Airline-Style Type Rating Programs: Two-Pilot Requirements
Airline training and type-rating programs often follow a two-pilot model for safety and realism. These programs emphasize cock pit resource management (CRM), decision-making, and communication in a two-person crew. Even during simulator training, the same two-crew dynamic is simulated to replicate line operations. In aircraft used for type rating, certifying authorities frequently require that a qualified instructor and a flight crew member operate in a two-person crew configuration for a given training phase. This approach ensures that the student experiences, under supervision, the full cockpit dynamics typical of airline operations, including workload sharing, equity in workload distribution, and mutual monitoring. Real-world implications include higher training costs but improved preparedness for actual line flying and a stronger safety culture.
Practical deployment tips:
- Adopt a progressive crew-model plan: start with single-PIC flights for basic handling, then add an SIC for instrument and approach work, and finally for complex scenarios and simulator integration.
- Use ground-based CRM training in parallel with flight training to reinforce cockpit teamwork and error management strategies.
- Document crew competencies and log two-pilot practice hours within the training syllabus and gradebooks.
Case Studies in Staffing: Real-world Scenarios
Consider a mid-size flight school that transitioned from sole instructor-led training to a hybrid model with an additional SIC for IFR sessions and high-workload maneuvers. The result was a measurable improvement in student confidence, reduced solo flight cancellations due to weather concerns, and enhanced safety metrics during cross-country exercises. In an airline-type setting, a type-rating course deployed two pilots from the outset, and the instructors rotated in the SIC role to mirror line operations, with performance-based progression criteria tied to CRM and decision-making benchmarks. These examples underscore that staffing choices should be driven by risk assessments, regulatory demands, and the complexity of the training objectives rather than a one-size-fits-all doctrine.

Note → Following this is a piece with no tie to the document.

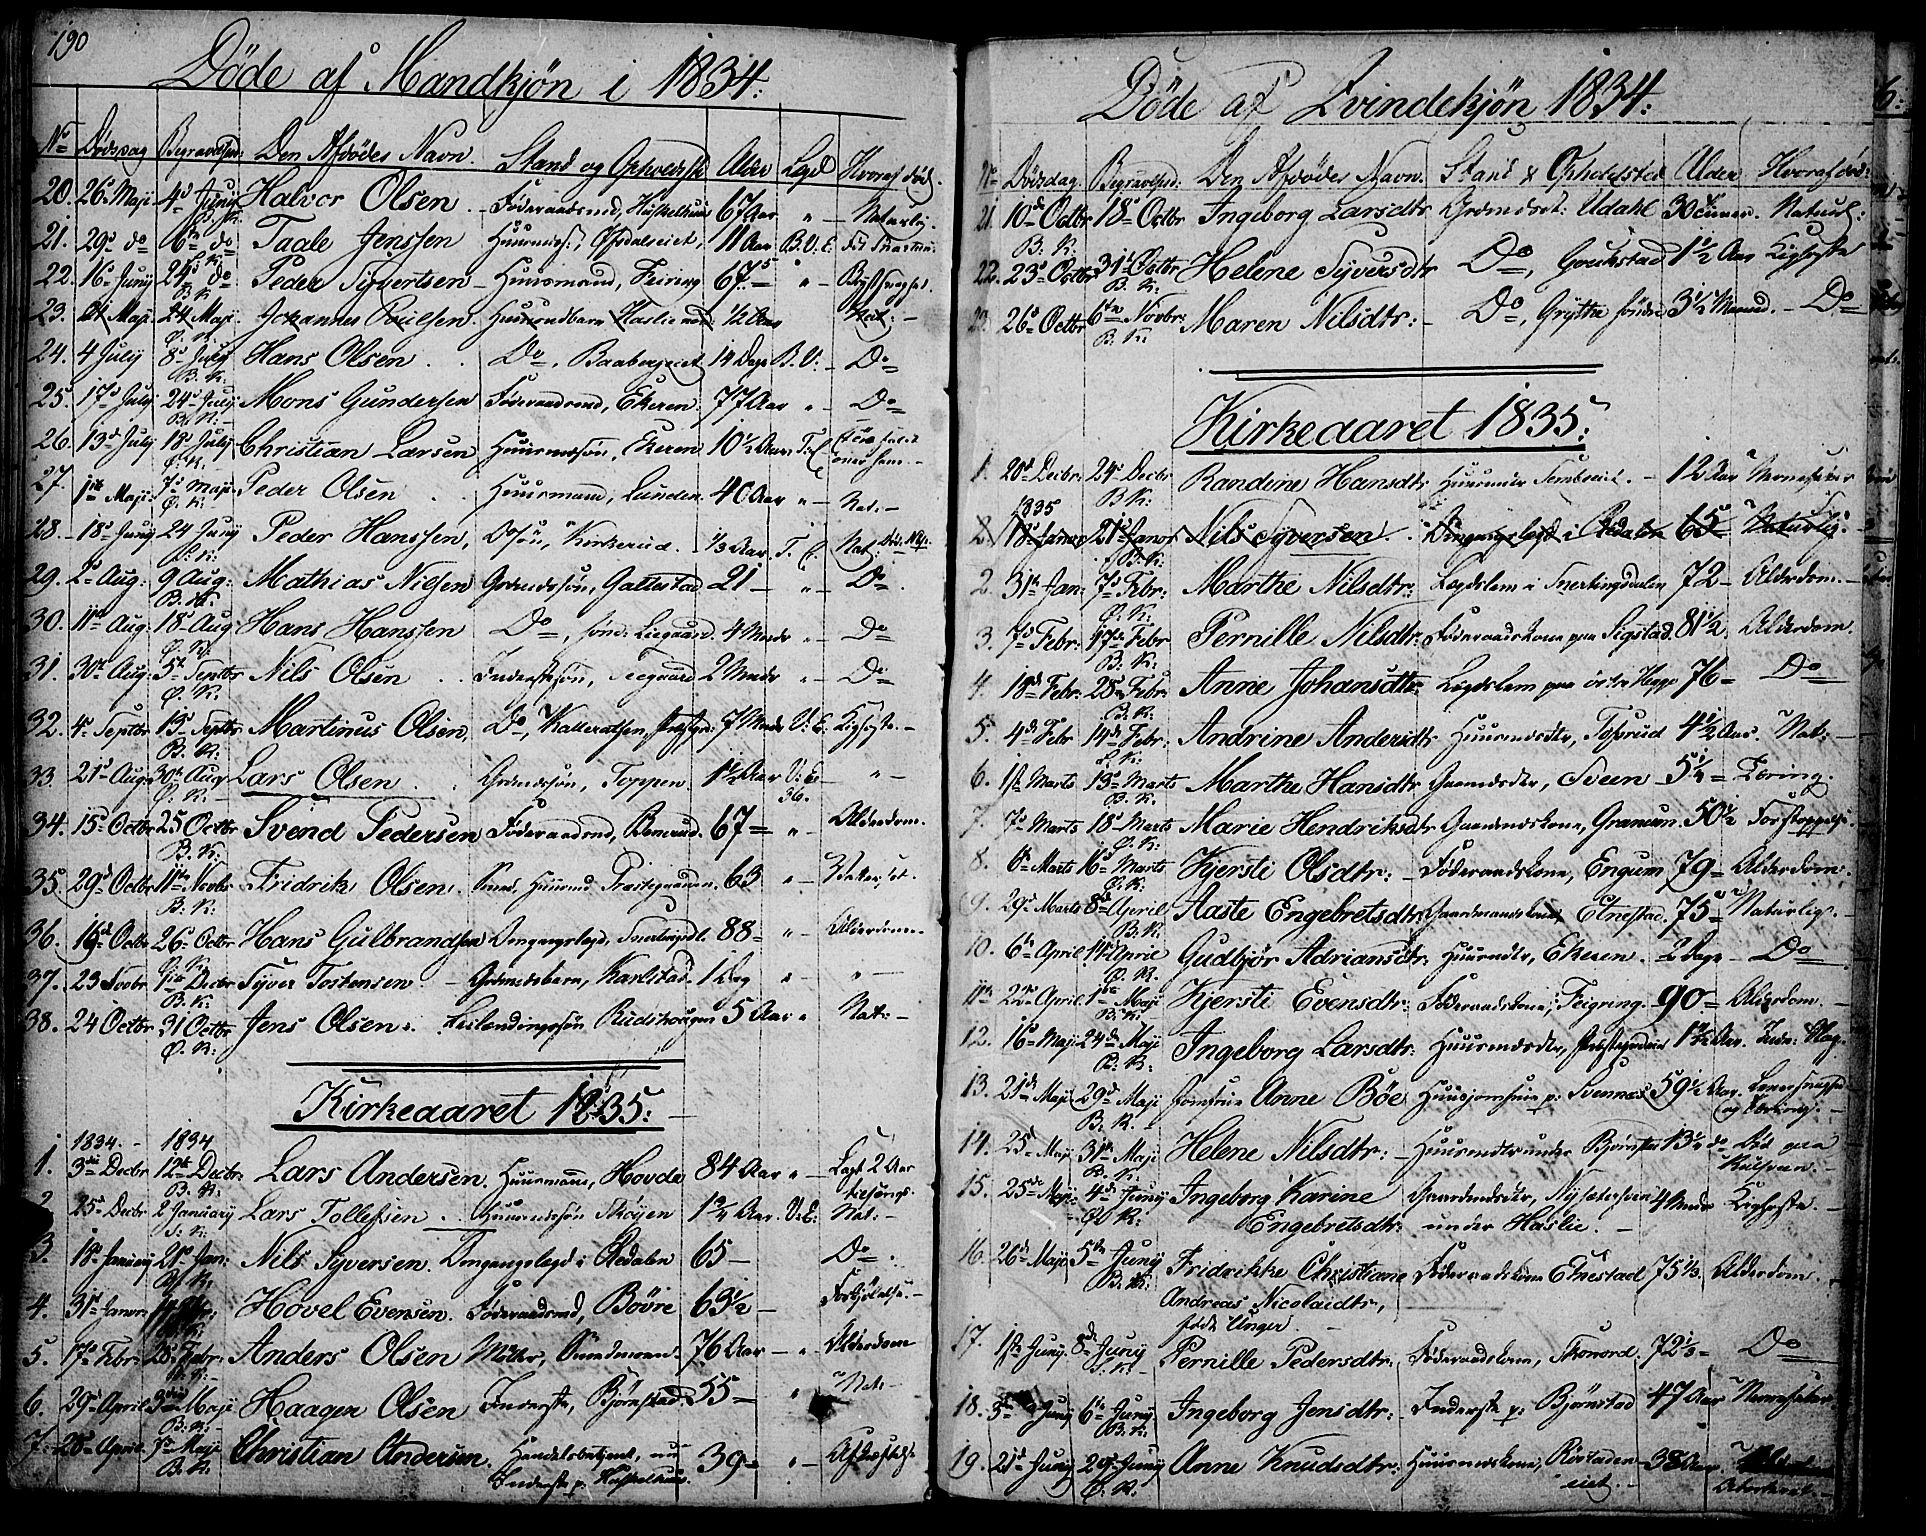 SAH, Biri prestekontor, Ministerialbok nr. 4, 1829-1842, s. 190

Designing a Comprehensive Training Plane Program: Step-by-Step
Developing a robust training program for aircraft requires a structured approach that aligns regulatory compliance, safety outcomes, and cost efficiency. The following framework provides a step-by-step guide to design, implement, and continuously improve a training plane program, including the decision points on SIC usage.
Assessment and Prerequisites for Program Design
Begin with a needs assessment that defines the target certificates, expected flight hours, and operational contexts (local training, cross-country, IFR, night). Identify the aircraft type(s) in scope and assess their certification basis, performance envelopes, and maintenance requirements. Create a governance model with a safety officer, training manager, and a compliance lead. Prerequisites include:
- Clear regulatory mapping for each training phase and aircraft type.
- Initial risk assessment covering typical flight profiles and mishap scenarios.
- Defined success criteria for each phase (maneuvers mastered, instrument proficiency, CRM competency).
Aircraft Selection, Equipment, and Maintenance Plans
Selection should balance cost, reliability, and training value. Key factors include:
- Aircraft configuration (single-engine vs multi-engine) and its impact on SIC necessity.
- Modern avionics, autopilot, and synthetic training integrations that enhance learning but do not create misalignment with the training goals.
- Maintenance and airworthiness planning to minimize downtime and ensure training continuity.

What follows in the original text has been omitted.